War. It would be his decision, taken in consultation with his brother, the Sun. No mortal being had the right to interfere. What he planned to do now was to enter the temple alone, feed the temple’s eternal fire with willow bark and tobacco to summon the god, and then explain the problem to his brother. Only then could harmony be achieved and the correct decision made.
But harmony was going to be difficult to achieve, even in the Sun Man’s mind. The wailing dogs unsettled his thoughts. Their cries reached a kind of crescendo now, an eerie chorus that sent a shiver of fear up the Sun Man’s back. What is going on? he wondered. What is happening? And then the Earth flung him off its back. He landed on the turf with a cry, the wind going out of him. His swan-feather headdress fell from his head and rolled away. The mound throbbed beneath his belly, as if a giant was kicking the mound again and again. There was a crackling, snapping sound, and the Sun Man looked over his shoulder to see the great Sun Temple tumble and fall, the cypress posts that supported its roof snapped off clean.
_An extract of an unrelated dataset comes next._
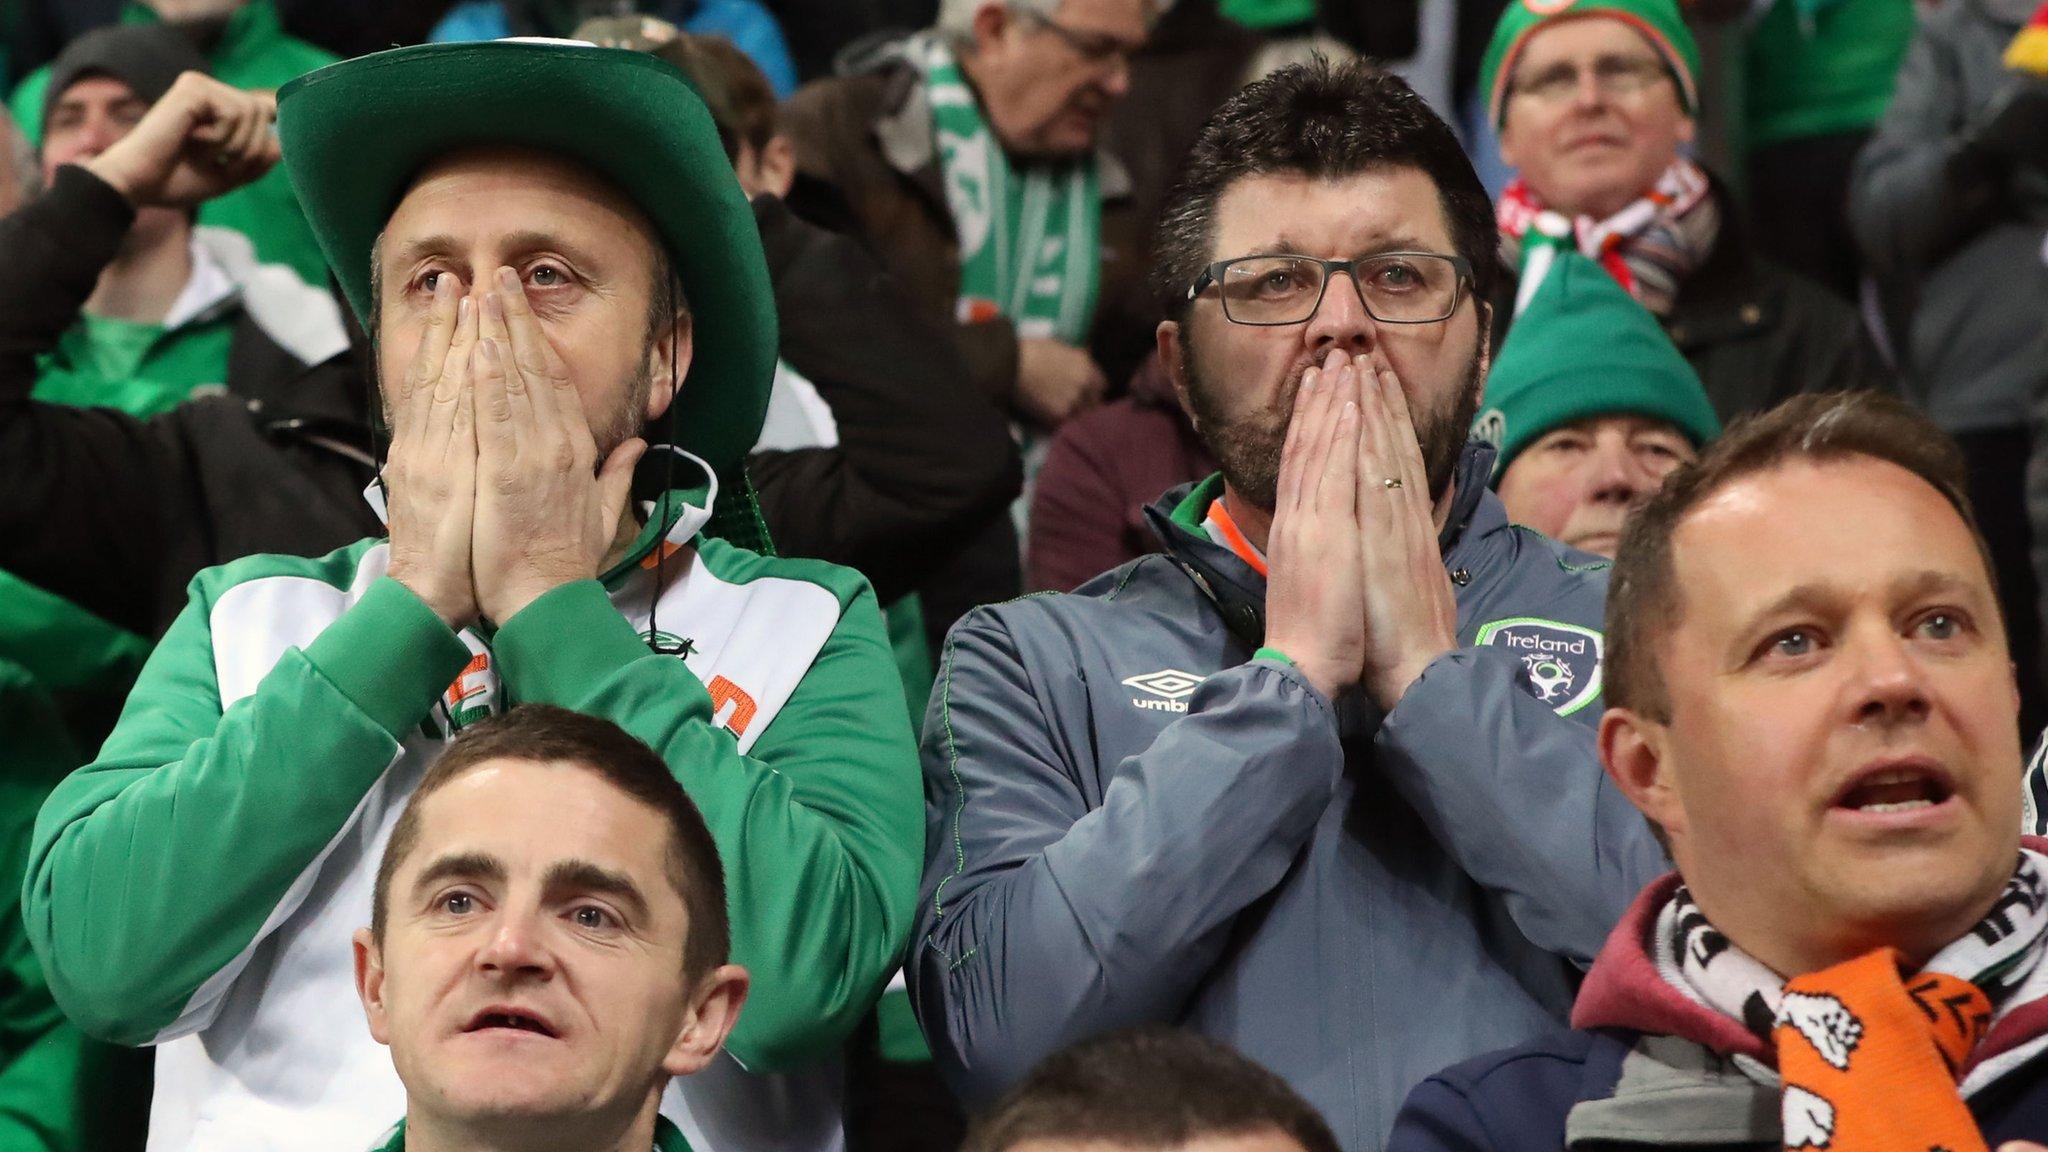 World Cup play-off: Denmark 0-0 Republic of Ireland

My brother’s home! he thought in anguish. The Earth, he thought, had committed a blasphemy against the Sun.
A sulfurous stench assailed his nostrils. The air was filled with a horrid growling noise, like a beast snarling through teeth it had planted in the throat of its prey. The Sun Man clawed at the turf and tried to rise, but the Earth threw him down again. He managed to get to his hands and knees and crawl to the edge of the mound.
A terrible incomprehension filled his mind. The scene before him was so unaccountably strange that he could not wrap his understanding around it.
The ground was heaving up in waves, rolling from east to west like a storm swell on a huge lake. Houses and people were being flung from the green wavetops like driftwood. The grass roofs waved in the weird, turbulent surf, or tumbled down as the lightly built houses collapsed. Great cracks split the earth, and here or there an entire house was swallowed, tumbled into dark chasms. Faint against the sound of the terrible growling, the Sun Man could hear screams and cries for help.
Everywhere, it seemed, the Earth was attacking the Sun People. Huge jets of water shot out of the land, dozens of them, taller than trees, their towering heads crowned with vapor. These fountains flung white sand into the air as well as water, and some had already built tall pale cones around their roots. Some of the water jets even spat big stones from the ground, black rocks large enough to crush houses. Across the plaza, the Sun Man watched as the Sun Mound, his own home and that of his ancestors, came to pieces. An entire corner of the mound suddenly fell away, slumping onto the flat ground below as if it were nothing more than liquid mud instead of dry soil stabilized by turf. Tons of soil spilled like a wave onto the town below, sweeping away a half-dozen houses. Horror struck the Sun Man as he saw little human figures struggling in the moving flood of soil.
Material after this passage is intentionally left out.